Tahun politik ditandai dengan akan digelarnya 171 pemilihan kepala daerah dan persiapan Pemilu Presiden 2019 adalah hal biasa. Agustus 2018 sudah akan diketahui peta persaingan di pemilu presiden. Bukan tahun ini saja bangsa Indonesia menggelar pilkada. Melalui instrumen demokrasi itulah, sirkulasi elite berlangsung. Rakyat akan berdaulat memilih pemimpin mereka. Itulah tahun demokrasi yang seharusnya dirayakan dengan kegembiraan.

Meski demikian, bersamaan dengan perayaan Natal 2017, kita menangkap kesan kegelisahan di sebagian masyarakat tentang semangat kita berbangsa dan bernegara. Pesan Natal Konferensi Waligereja Indonesia (KWI) dan Persekutuan Gereja-gereja Indonesia (PGI) tahun 2017 menyiratkan pesan kecemasan itu. "Saat ini kita sedang cemas. Persatuan kita sebagai bangsa sedang terancam perpecahan. Keresahan dan kecemasan itu terasa beberapa tahun belakangan."

Kita garis bawahi pesan itu. Kecemasan dan kekhawatiran tidak boleh terlalu berlarut menyelimuti hidup kita. Dalam sebuah proses politik yang bernama pemilu akan selalu ada yang kalah dan menang. Namun, dalam sebuah proses pemilu yang mengeksploitasi sentimen primordial, bisa merusak tenun kebangsaan yang dari sananya sudah majemuk. Ada batin yang terluka dan membutuhkan emotional healing yang lama untuk merajut kembali tenun kebangsaan. Terlalu besar risikonya jika gagal dalam menjaga keindonesiaan.
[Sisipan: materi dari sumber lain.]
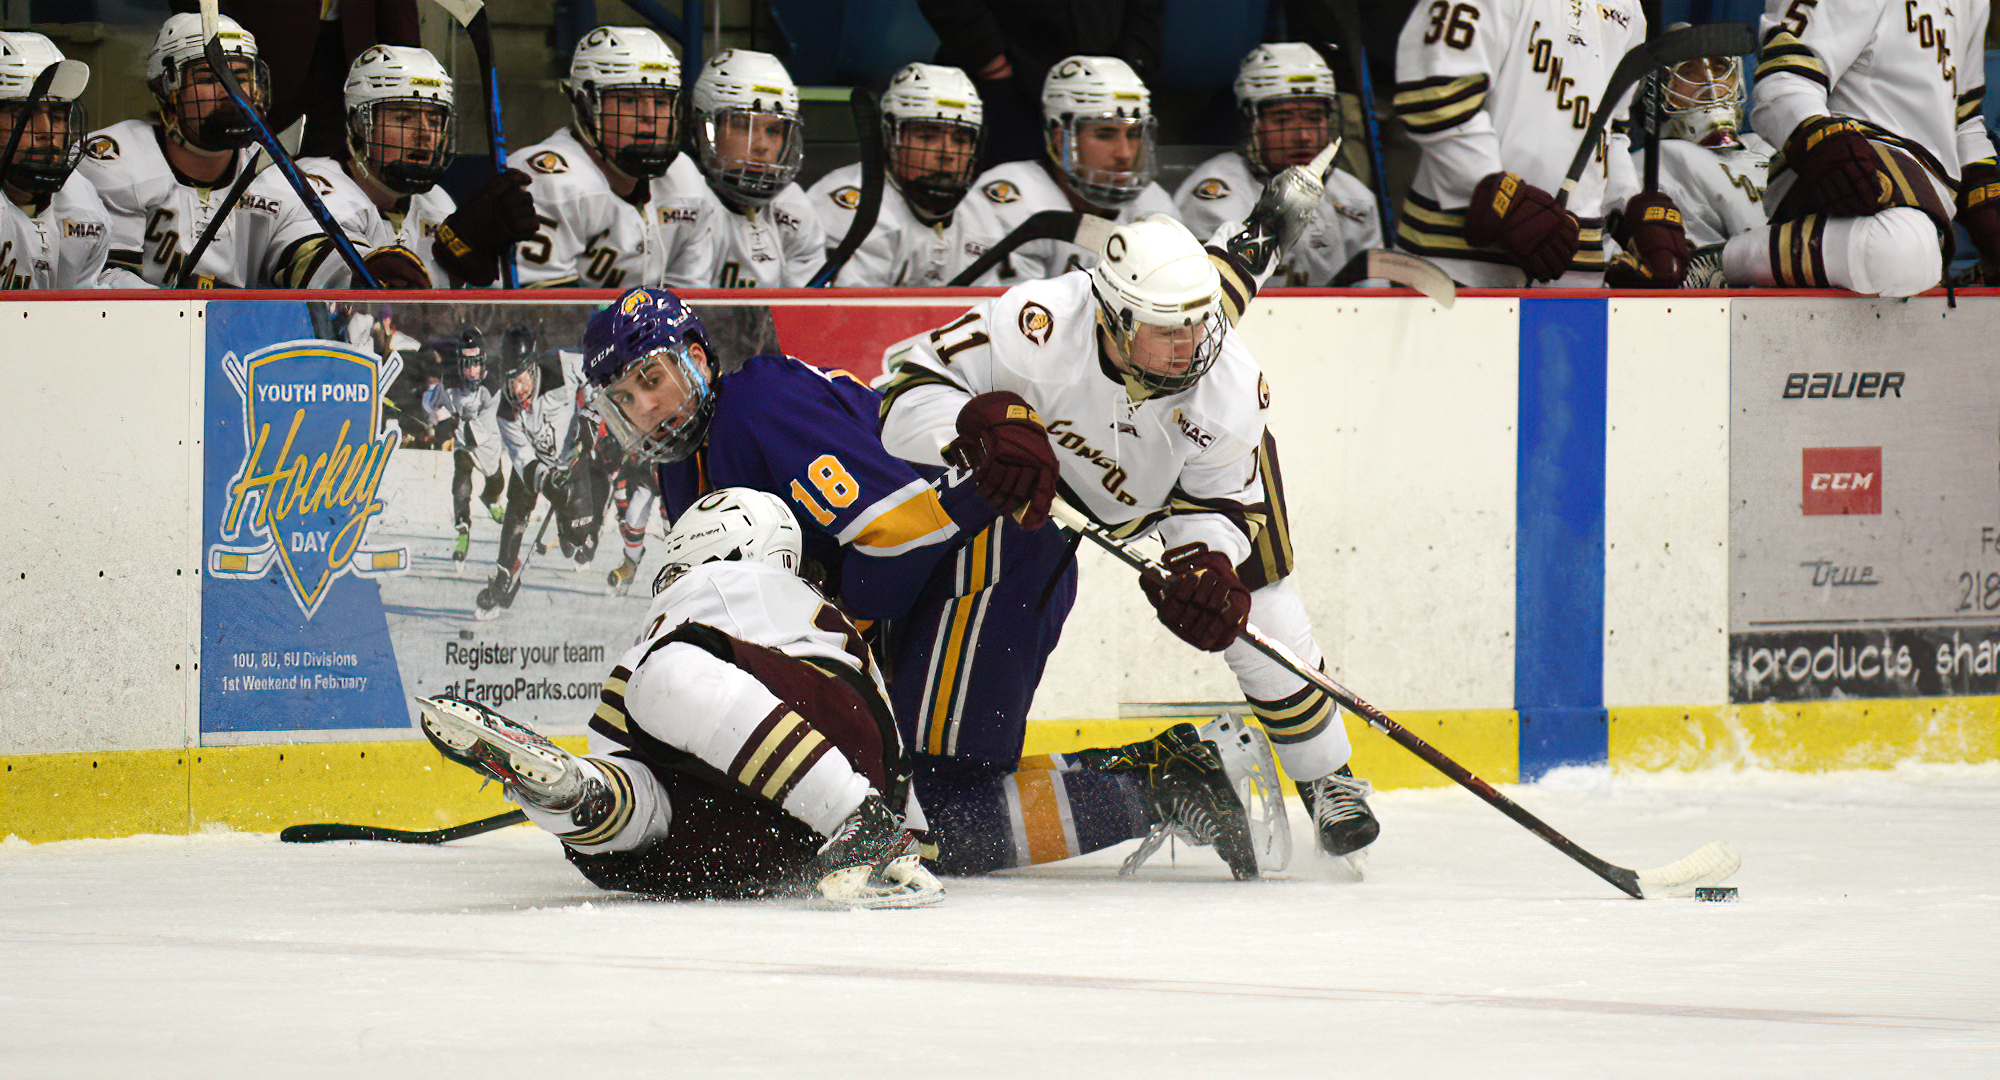 Jacen Bracko goes over a pair of bodies to gain control of the puck in the Cobbers' game with #10 UW-Stevens Pt. Bracko assisted on CC's first goal.

Pemilihan presiden AS yang menempatkan Donald Trump menjadi contoh. Tindakan Trump dalam membelah warga Amerika, sampai membuat Presiden Barack Obama berkomentar, "Kalau Anda menang kampanye dengan memecah belah rakyat, Anda takkan bisa memerintah dan Anda tak akan bisa mempersatukan mereka."

Pidato Obama relevan dengan kondisi kekinian di Tanah Air. Elite politik yang akan mengikuti pilkada dan pilpres hendaknya memahami bahwa mereka juga punya tanggung jawab besar merajut tenun kebangsaan dan bukan malah merusak tenun kebangsaan yang sudah dibangun pendiri bangsa, apalagi hanya sekadar berburu kuasa. Tenun kebangsaan yang terkoyak harus kembali dirajut dengan sikap batin yang jujur bukan artifisial.